Every day we all meet people and if you talk to each one long enough you will find two things about the other person, 1) you have things you agree on and 2) you have things you disagree on.
Now, the challenge is: do you agree to disagree and choose to find a way to live in peace?
As a southerner, I love to cook "southern" dishes. As a Yankee, my husband has "northern" taste for his. When we first were married I would get upset when I prepared a delicious meal and he would he would come home and start tasting it and telling me: "This needs a little allspice, this needs a little turmeric, this needs a little dill,..." To my way of tasting it needed nothing but for him to be thankful I prepared it and to be eaten!
And so meal after meal, he would doctor the dishes and I would get angry. Besides not wanting him to doctor my perfect dish, after he doctored it, I did not like the taste and could not eat it. I made it. It took me hours, now thanks to his doctoring it with Yankee spices, I could not eat it. It was strange tasting and I did not want the strange taste, my dish was good enough.
Finally, he did this doctoring enough, that I stopped cooking for him altogether, I told him to eat at this mother's. I could eat a quick banana sandwich and voila, no dishes to clean or wash, I cut my time in the kitchen to zero. Banana sandwiches make grocery shopping easier too. I really disliked grocery shopping!

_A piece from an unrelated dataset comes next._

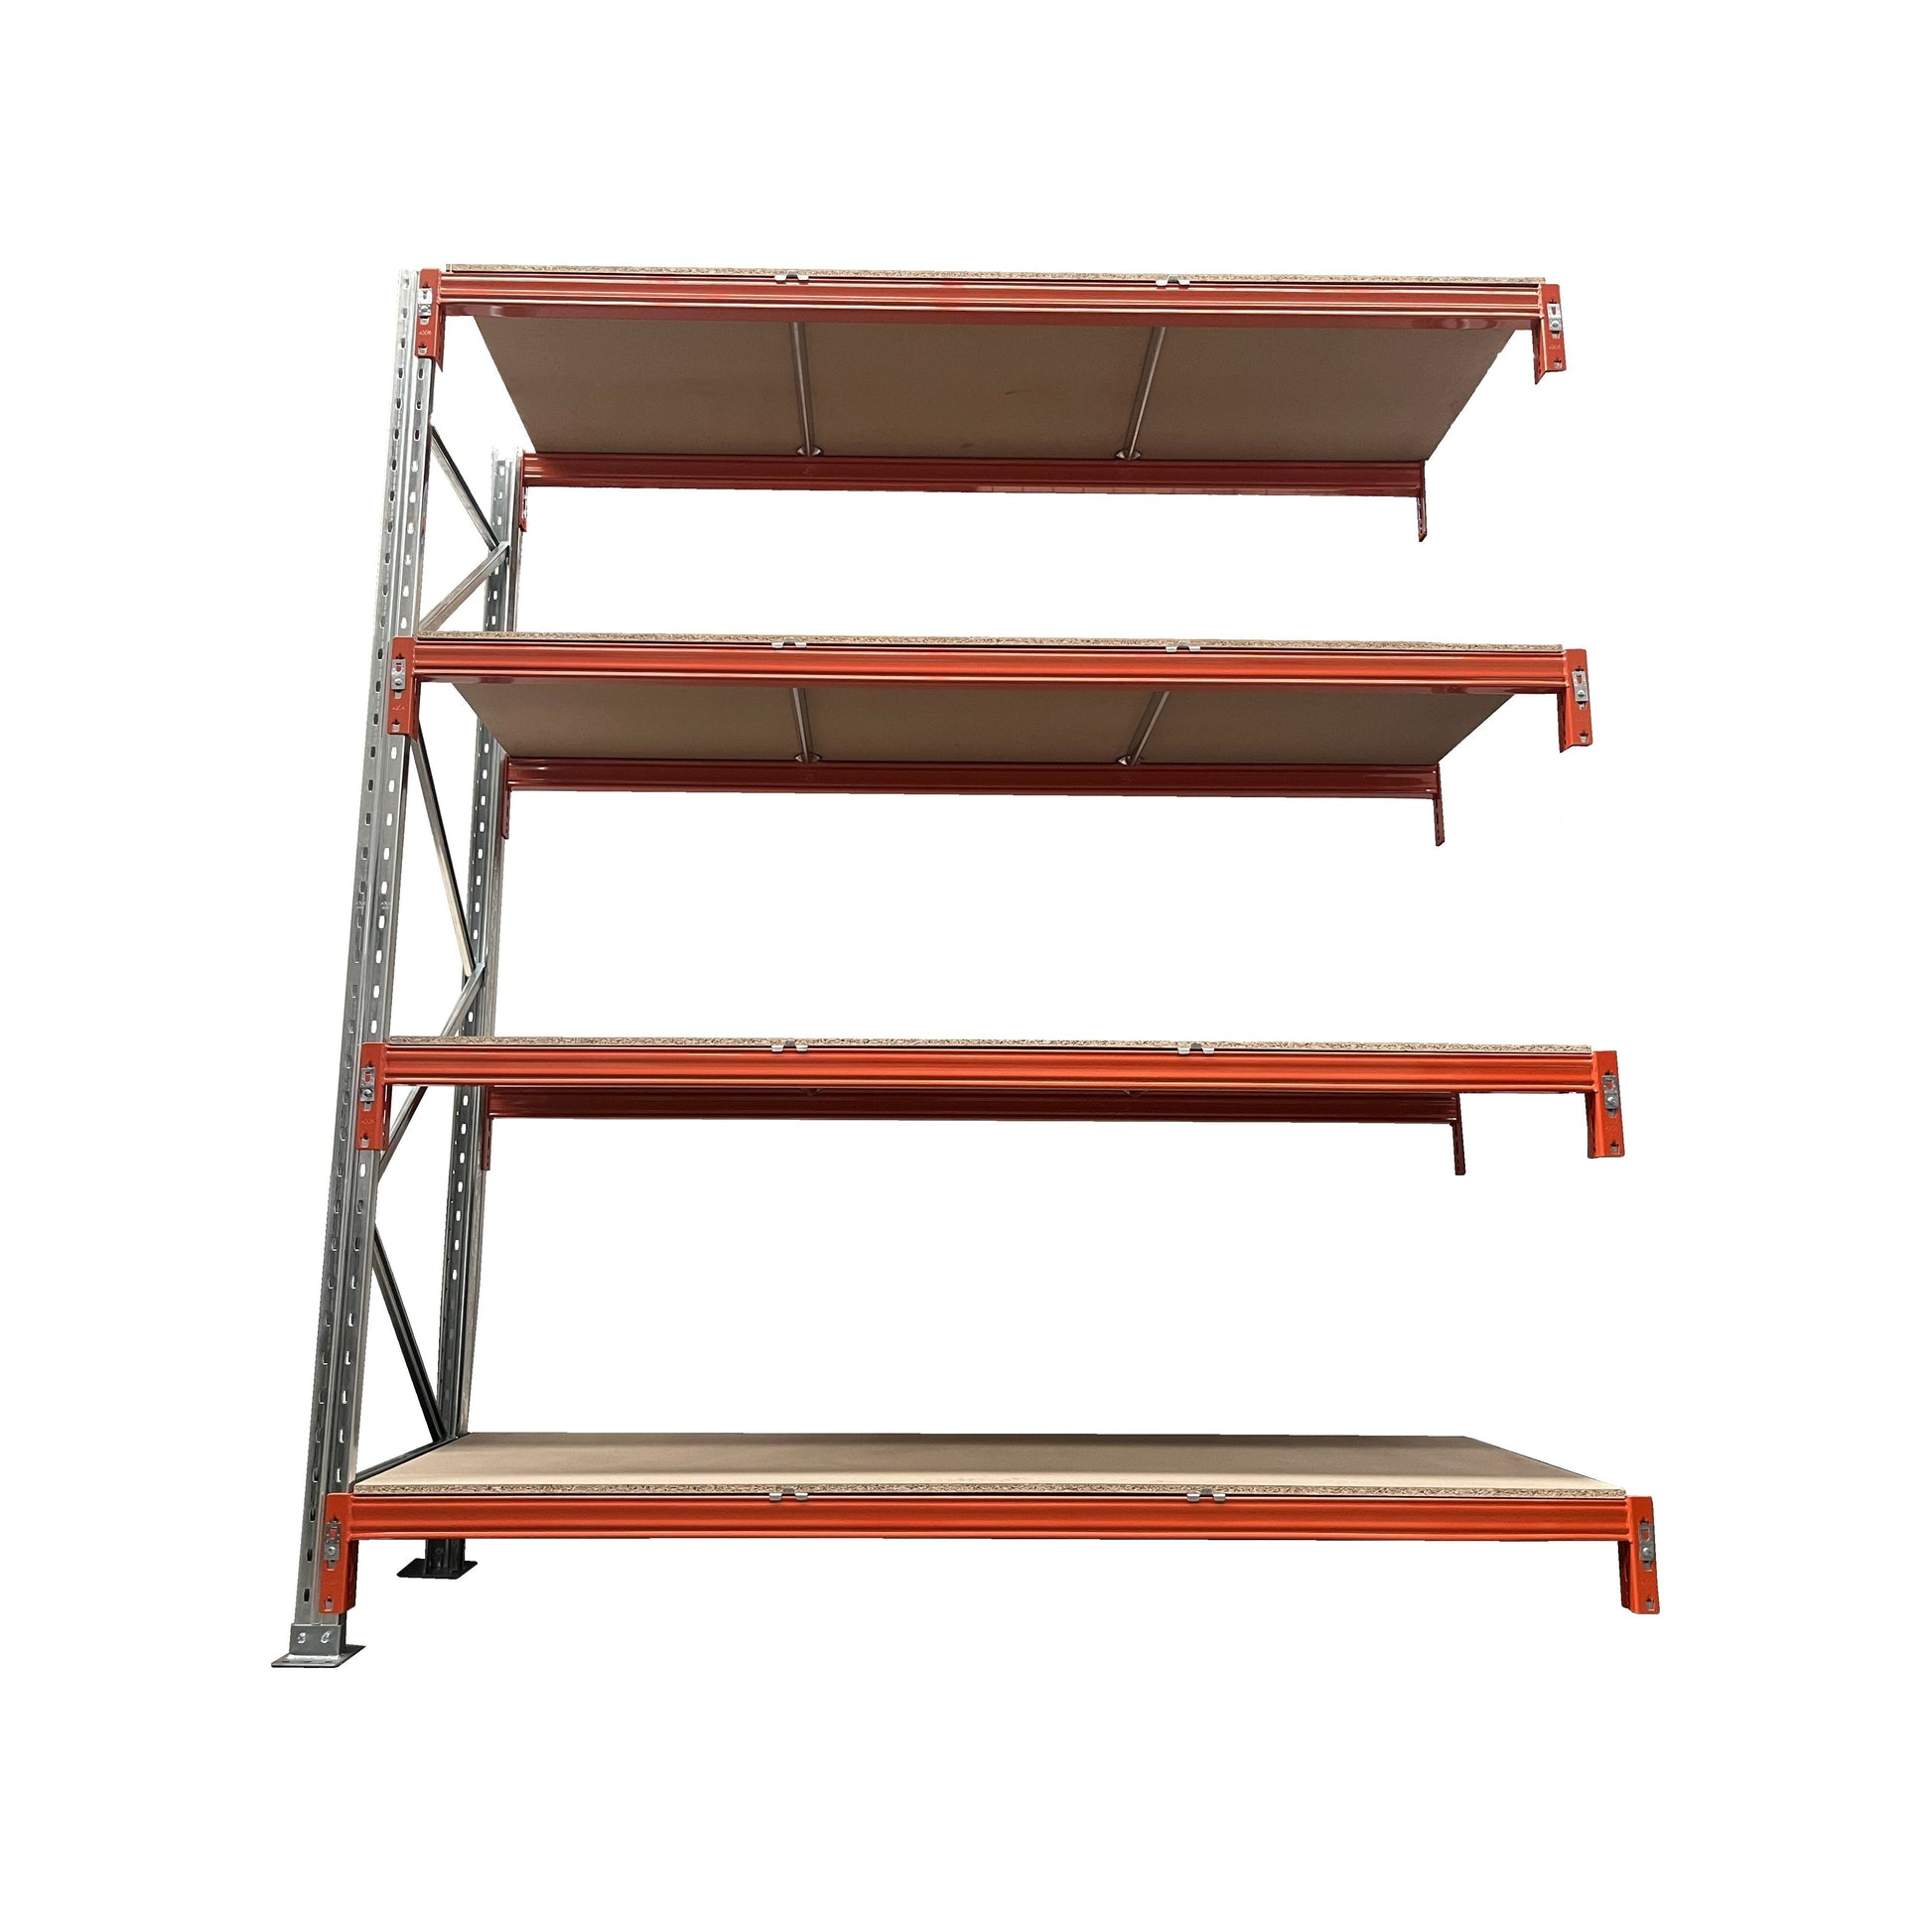 ReadyRack Pallet Racking Add On Bay 3658mm High with Board

He was not happy with my decision. His mother cooked for him every day of his life, when he was home, he thought a wife would too. I gave him a recipe book and said, "You can read, you can learn to cook!"
In time after years of marriage, many things changed for the better, he learned to cook, (bonus, he loved to cook) and he loved to go to the grocery store shopping, we each cooked our dish and would separate out a portion for the other to flavor it to individual tastes, and he learned to like some of my Southern dishes, and I learn to like some of his Yankee dishes. We laugh now when we think of the arguments over cooking we use to share. We both are great cooks and now we both cook holiday meals. I make the southern dishes we like as a family and he makes his Yankee dishes, the children are great cooks as well. Holiday dinners have everyone's favorite dish on the table.
Everyone helps to buy, cook, and clean up the dishes. There are no disagreements anymore.
Thankful for disagreeable viewpoints that cause change. If peace is to be, we all need to pitch in to help. First ground rules are set, respect for the rules, and all agree to work towards the goal and in time, the respect for differing opinions with the agreement to work together. If peace is to be, it must begin with me. Now there is peace in the kitchen, it can spread to the world if we work together.